9. Il résulte de tout ce qui précède que, sans qu'il soit besoin d'examiner la fin de non-recevoir opposée en défense, Mmes D... et C... ne sont pas fondées à se plaindre de ce que, par le jugement attaqué, le tribunal administratif de Montpellier a rejeté leur demande. Par voie de conséquence, leurs conclusions d'appel à fin d'annulation de la décision implicite du directeur de l'agence régionale de santé et à fin d'injonctions ne peuvent qu'être rejetées.
Sur les frais exposés à l'occasion du litige :
10. Les dispositions de l'article L. 761-1 du code de justice administrative font obstacle à ce que soit mise à la charge de l'agence régionale de santé Occitanie, qui n'est pas, dans la présente instance, la partie perdante, la somme demandée par Mmes D... et C... au titre des frais exposés par elles et non compris dans les dépens.
D E C I D E :
Article 1er : La requête de Mme D... et de Mme C... est rejetée.
Article 2 : Le présent arrêt sera notifié à Mme A... D..., à Mme B... C... et à l'agence régionale de santé Occitanie.

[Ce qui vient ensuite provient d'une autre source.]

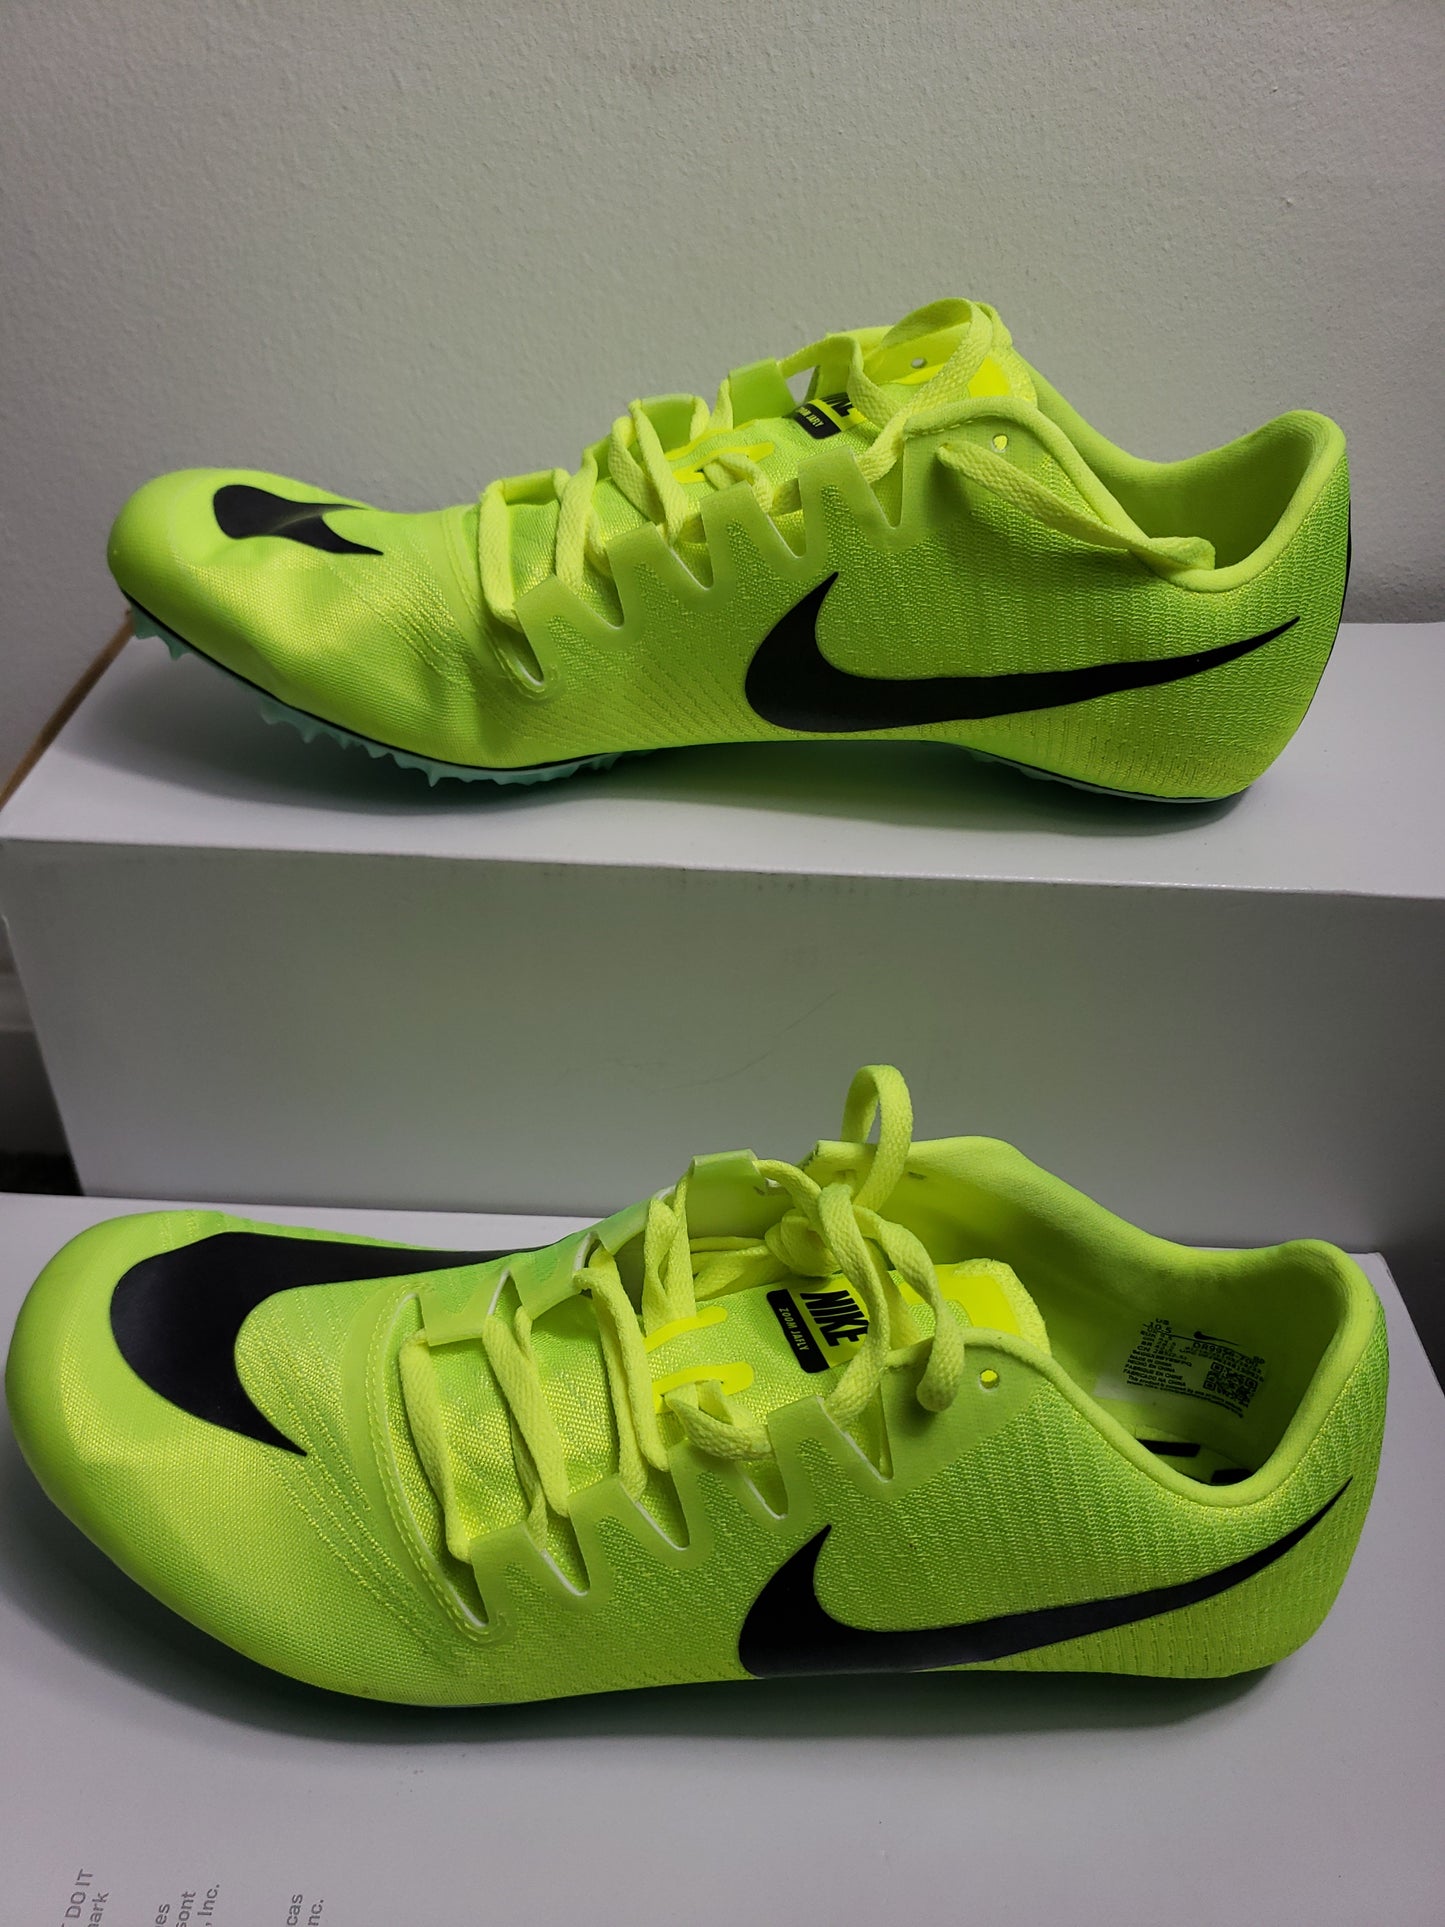 Men's Nike Zoom Ja Fly 3 ‘Volt’ Track Cleats DR9956-700

Délibéré après l'audience du 8 octobre 2024, à laquelle siégeaient :
Mme Geslan-Demaret, présidente de chambre,
Mme Teuly-Desportes, présidente assesseure,
Mme Dumez-Fauchille, première conseillère.
Rendu public par mise à disposition au greffe le 22 octobre 2024.
La rapporteure,
V. Dumez-Fauchille
La présidente,
A. Geslan-Demaret La greffière,
M-M. Maillat
La République mande et ordonne à la ministre de la santé et de l'accès aux soins en ce qui la concerne ou à tous commissaires de justice à ce requis en ce qui concerne les voies de droit commun contre les parties privées, de pourvoir à l'exécution du présent arrêt.